» **Materials provided**:
- Opening Delimiter -
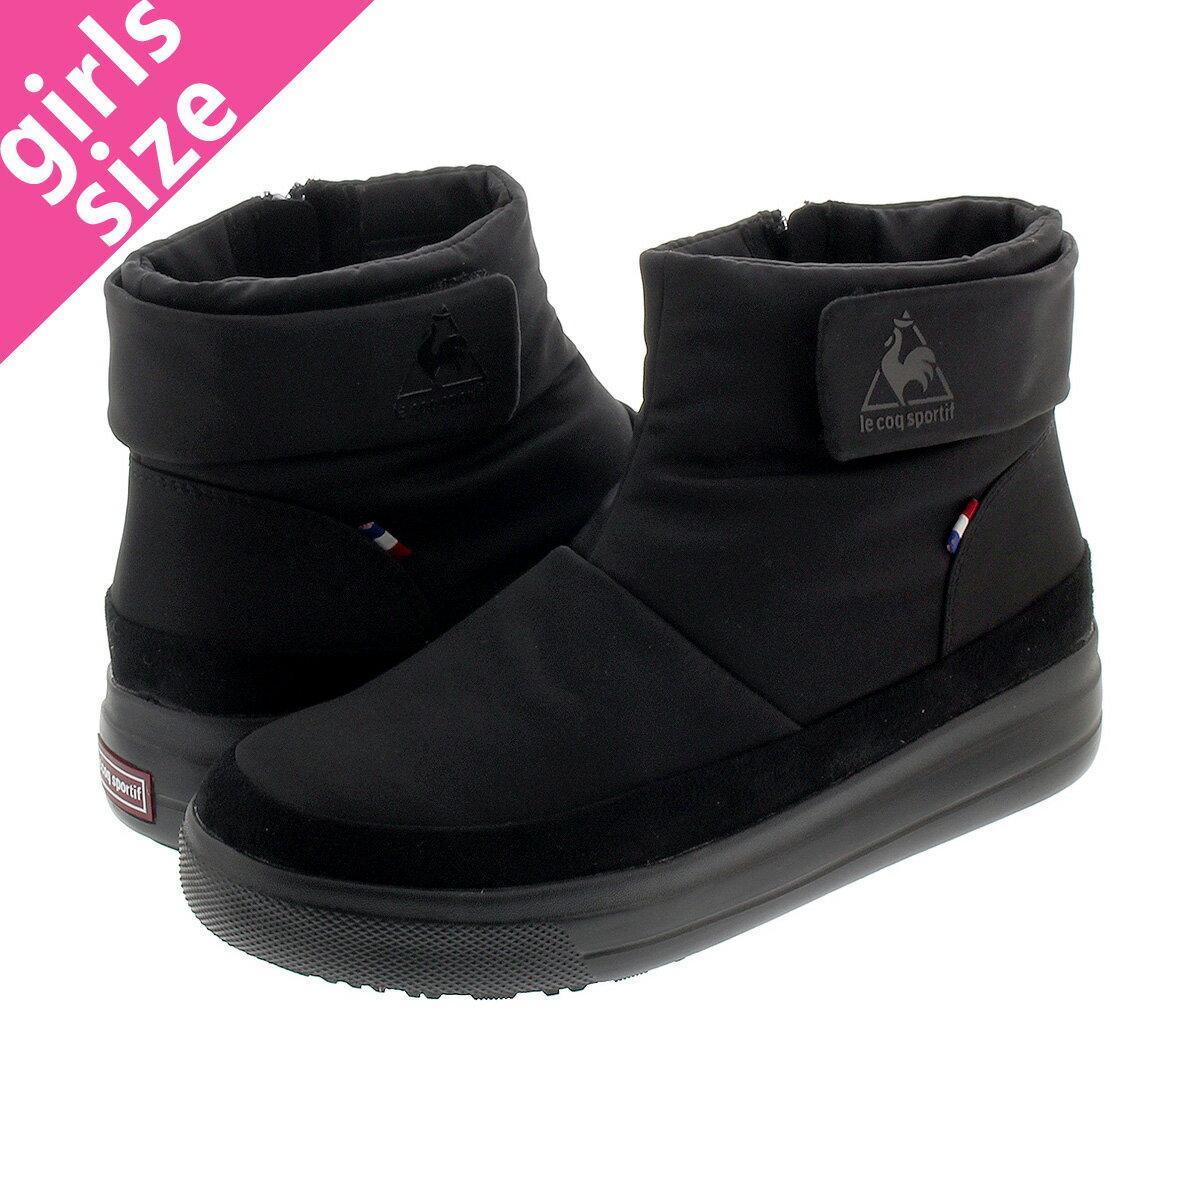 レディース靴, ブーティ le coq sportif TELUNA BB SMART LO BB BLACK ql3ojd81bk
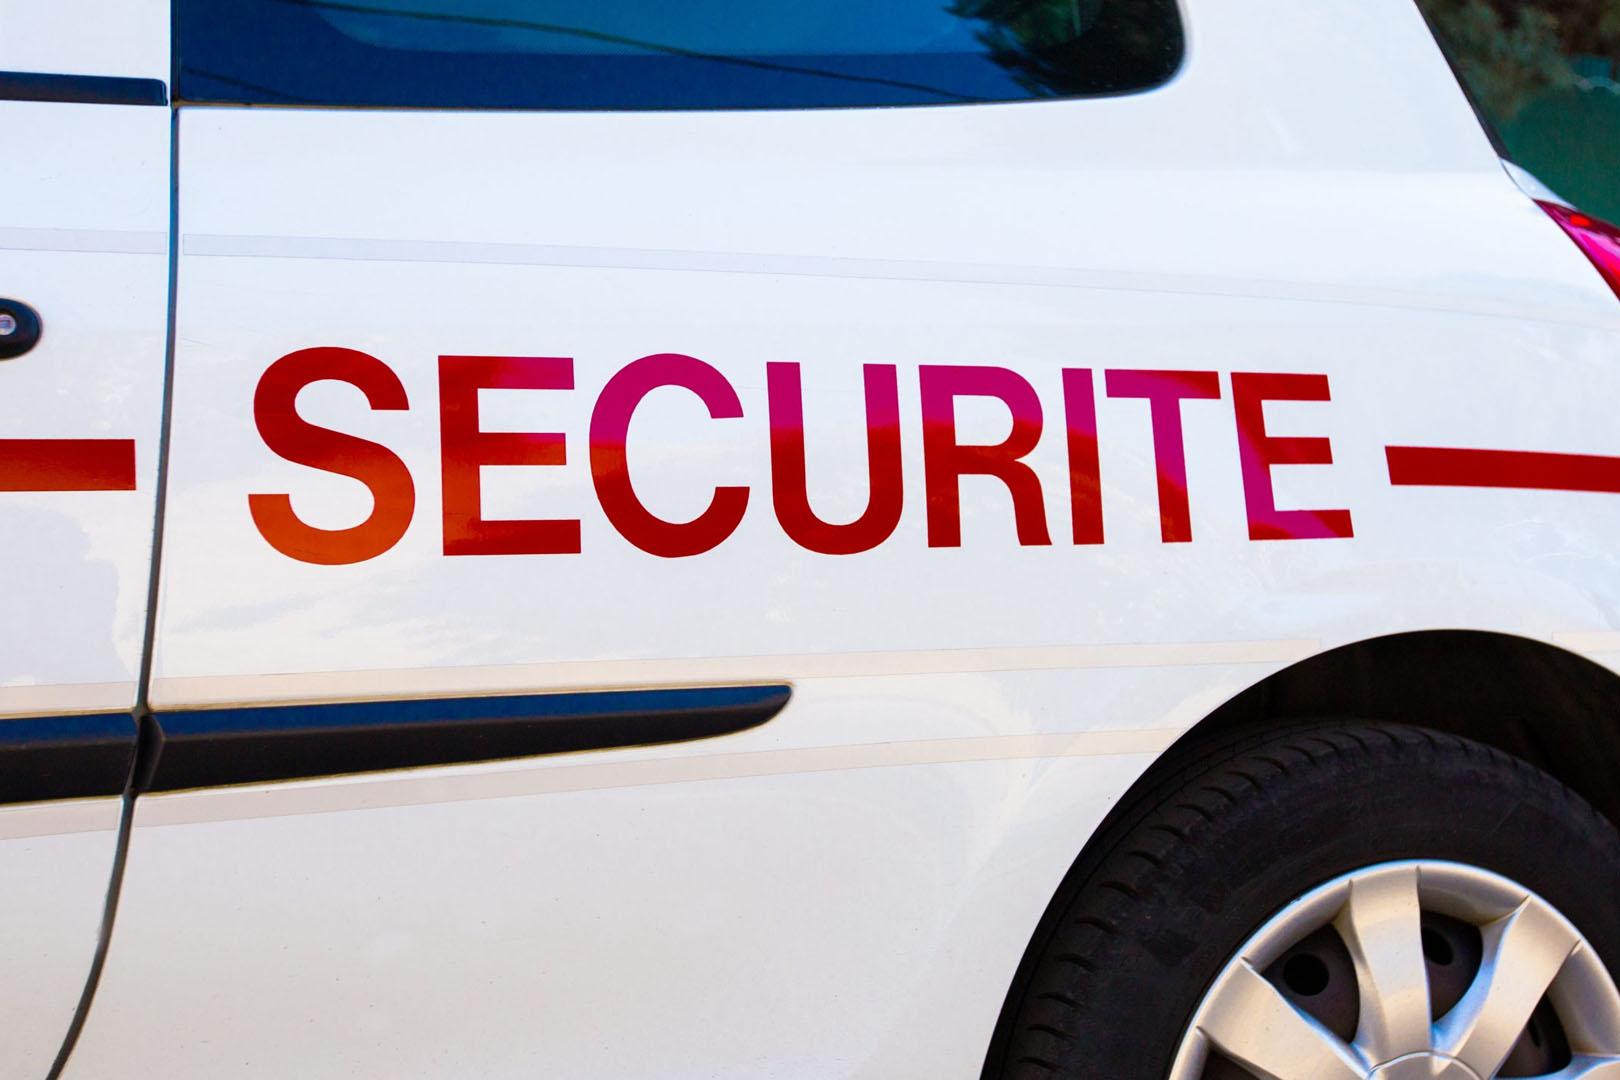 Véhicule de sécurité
- Closing Delimiter -
- Opening Delimiter -
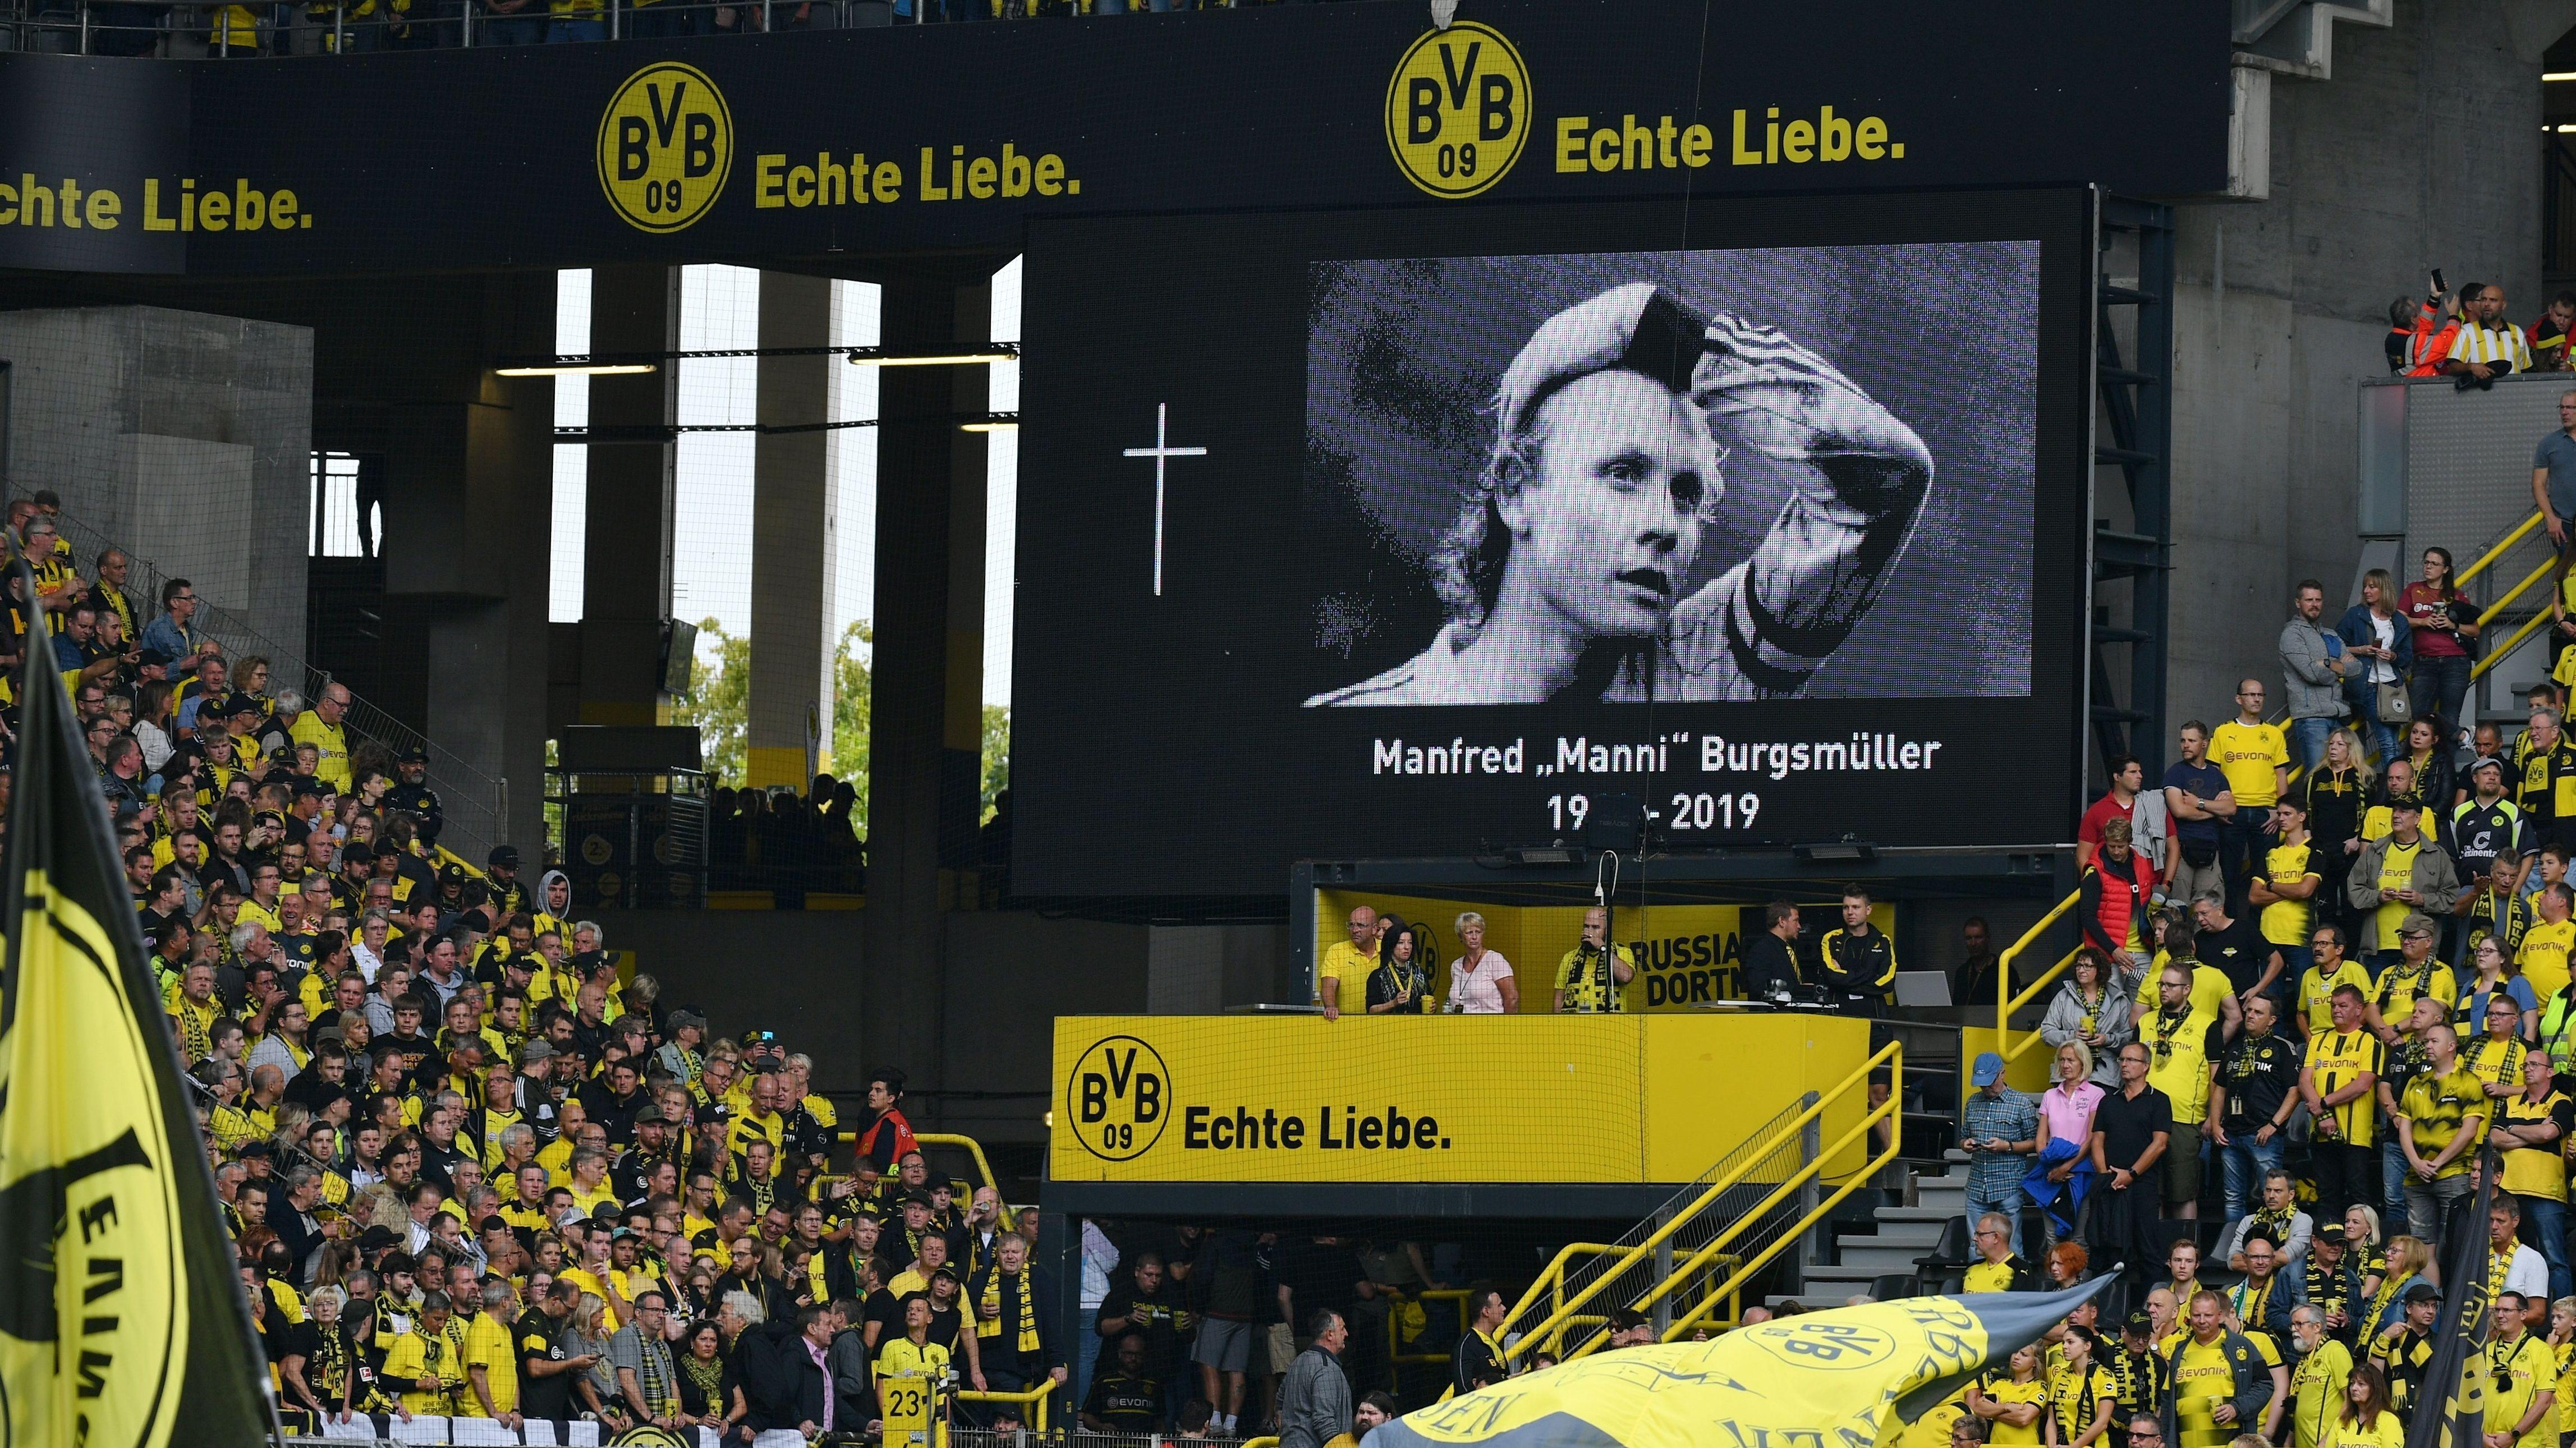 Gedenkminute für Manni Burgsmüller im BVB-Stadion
- Closing Delimiter -
» **Your task**: The copy should hold only the lines from the one with "レディース靴, ブーティ le" through the one with "Véhicule de sécurité", exactly as they stand above. Leave out the pictures.

» **Result below**:
 レディース靴, ブーティ le coq sportif TELUNA BB SMART LO BB BLACK ql3ojd81bk
 Véhicule de sécurité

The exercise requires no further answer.